9. Financial Risk Management – Fair values (continued)
Fair value hierarchy
The carrying amount of financial assets and liabilities measured at fair value is where possible, calculated
with reference to quoted prices in active markets for identical assets or liabilities. Where no price
information is available from a quoted market source, alternative market mechanisms or recent comparable
transactions, fair value is estimated based on the Group’s views on relevant future prices, net of valuation
allowances to accommodate liquidity, modelling and other risks implicit in such estimates. The inputs used
in fair value calculations are determined by the relevant Group Function. Our Group Functions support the
Businesses and operate under a defined set of accountabilities authorised by the Group Management
Committee (GMC). Movements in the fair value of financial assets and liabilities may be recognised through
the income statement or in other comprehensive income.
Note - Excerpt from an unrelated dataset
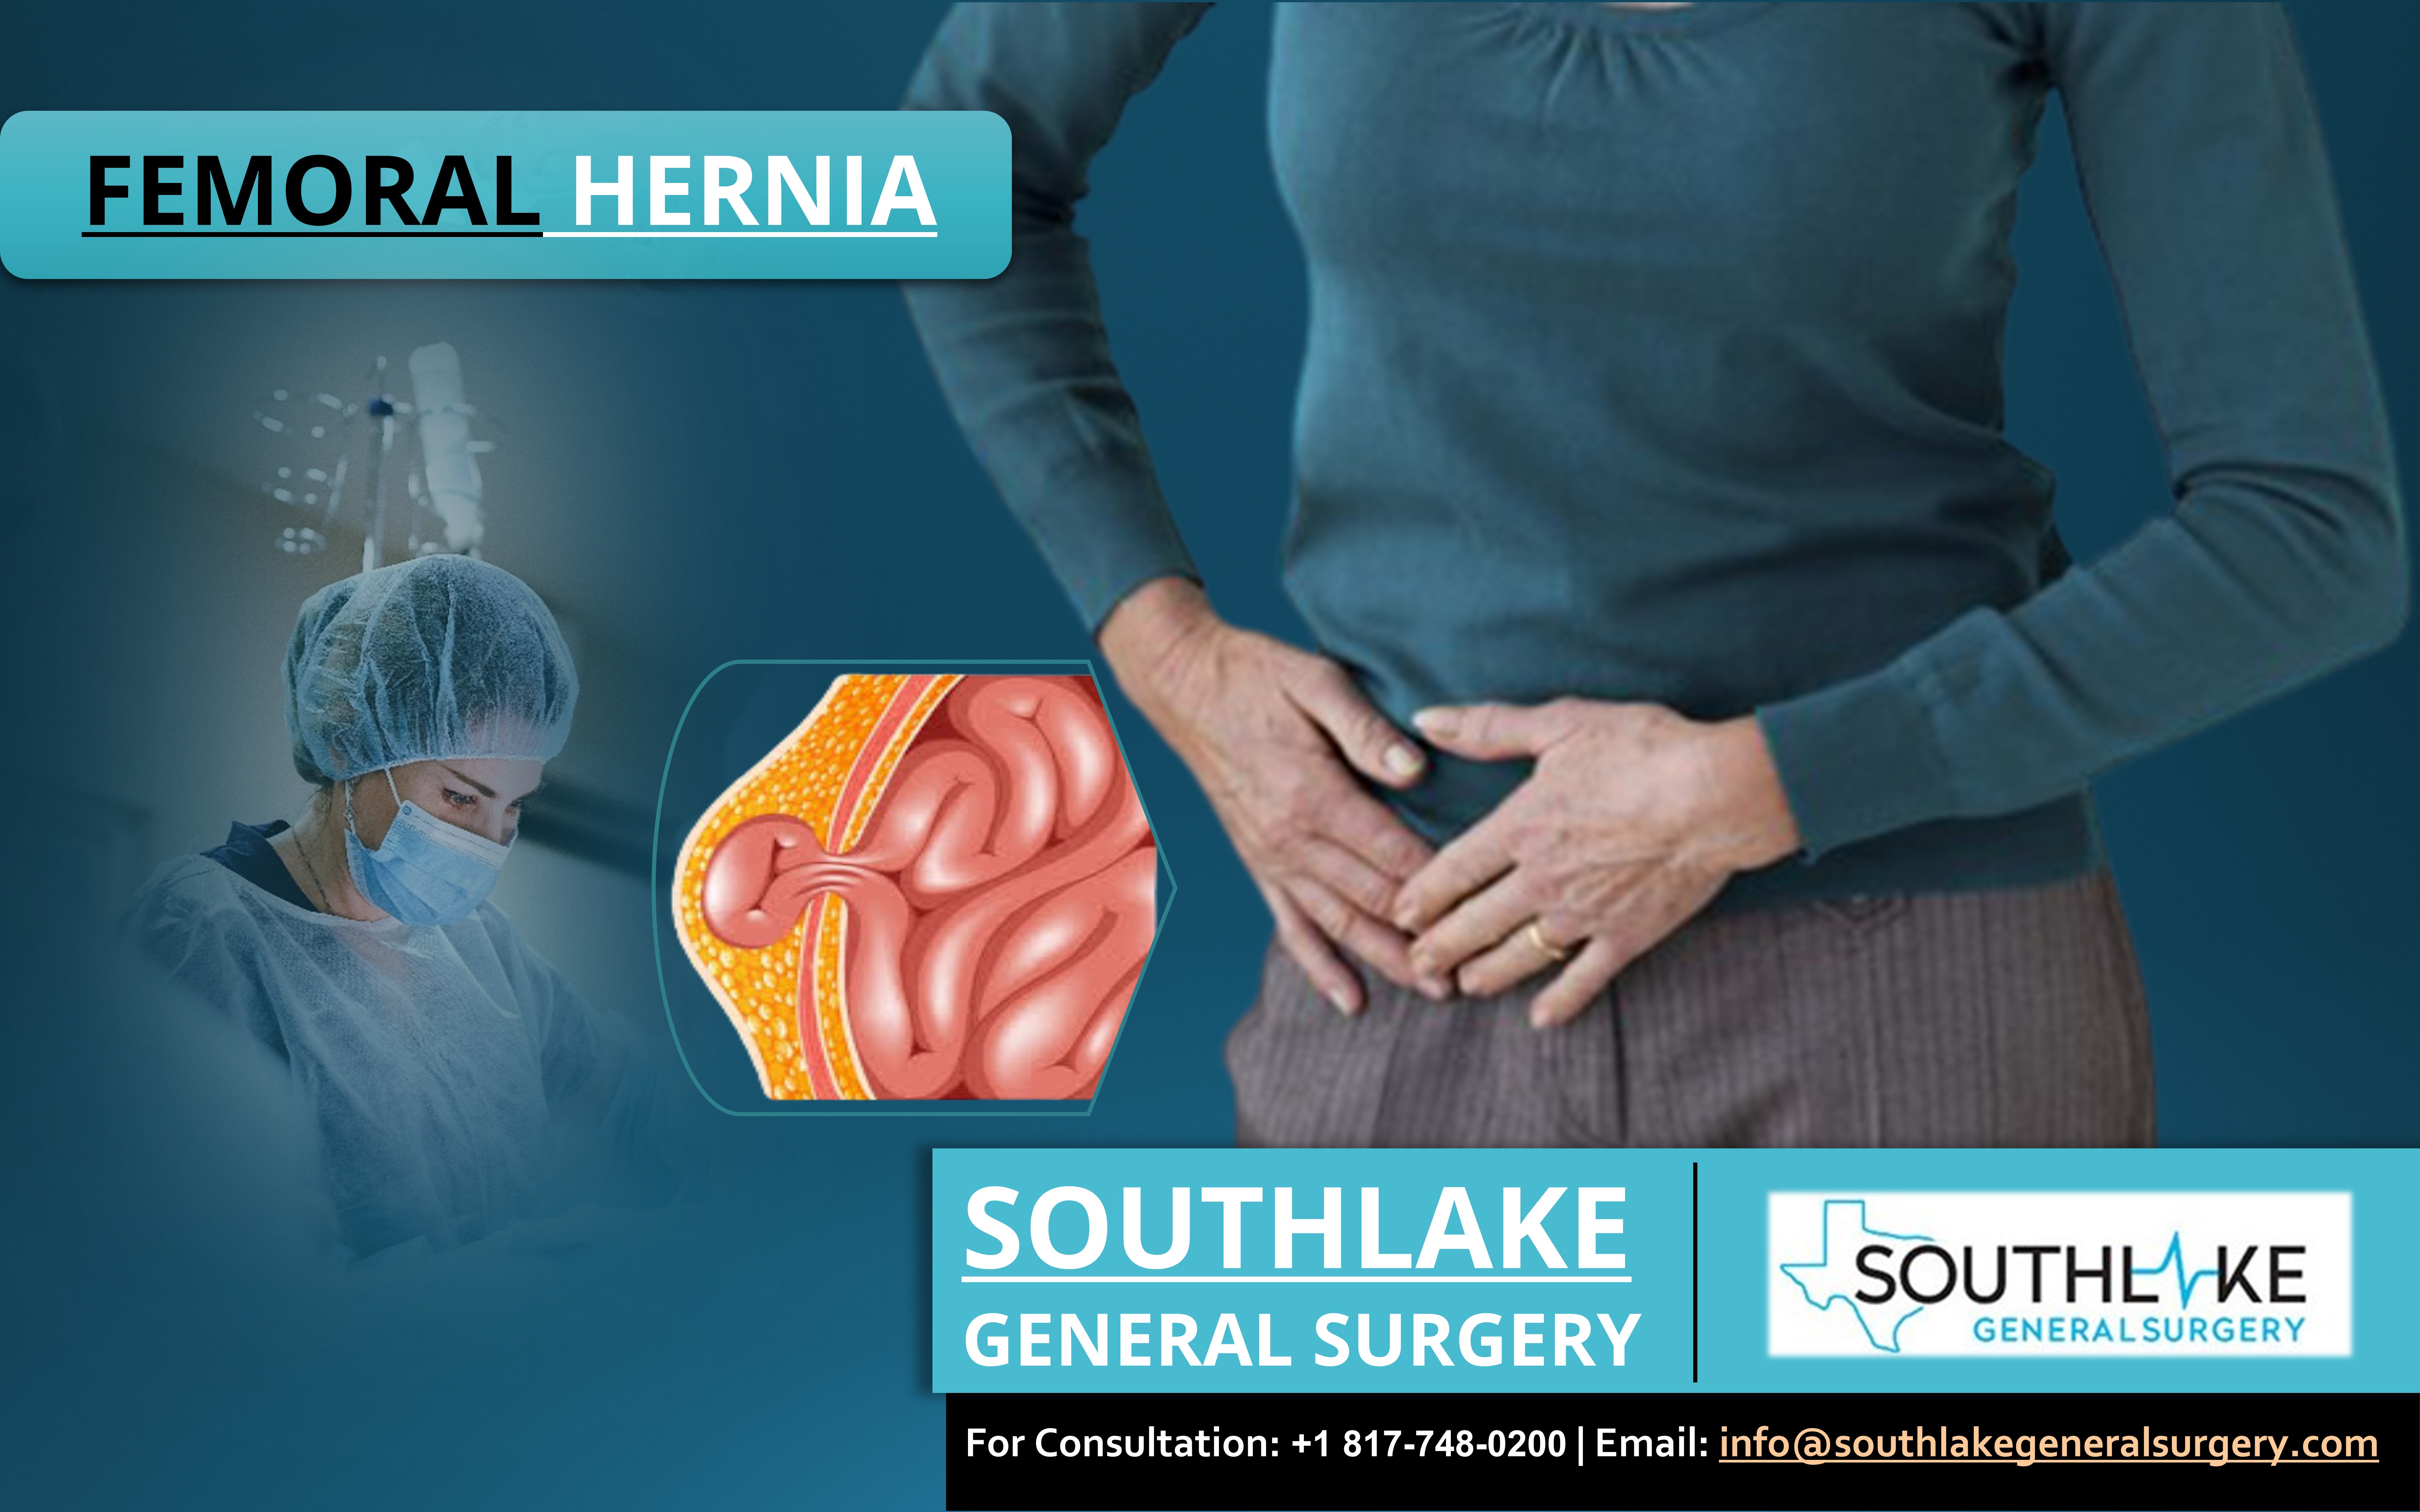 Femoral Hernia Surgery at Southlake General Surgery

The following table shows the Group’s financial
assets and liabilities carried at fair value with reference to the nature of valuation inputs used.
31 December 2014 Level 1(a) Level 2(b) Level 3(c) Total
US$M US$M US$M US$M
Financial assets and liabilities
Trade and other receivables – 832 – 832
Trade and other payables – (240) – (240)
Cross currency and interest rate swaps – 735 – 735
Forward exchange contracts – (1) – (1)
Commodity contracts – 3 – 3
Other derivative contracts – 3 262 265
Investments – available for sale 1 137 518 656
Total 1 1,469 780 2,250
31 June 2014 Level 1(a) Level 2(b) Level 3(c) Total
US$M US$M US$M US$M
Financial assets and liabilities
Trade and other receivables – 1,071 – 1,071
Trade and other payables – (300) – (300)
Cross currency and interest rate swaps – 1,210 – 1,210
Commodity contracts – 16 – 16
Other derivative contracts – (13) 247 234
Investments – available for sale 5 145 507 657
Total 5 2,129 754 2,888
31 December 2013 Level 1(a) Level 2(b) Level 3(c) Total
US$M US$M US$M US$M
Financial assets and liabilities
Trade and other receivables – 1,188 – 1,188
Trade and other payables – (50) – (50)
Cross currency and interest rate swaps – 469 – 469
Forward exchange contracts – (1) – (1)
Commodity contracts – (5) – (5)
Other derivative contracts – (5) 158 153
Investments – available for sale 7 139 494 640
Total 7 1,735 652 2,394
(a) Valuation is based on unadjusted quoted prices in active markets for identical financial assets and liabilities.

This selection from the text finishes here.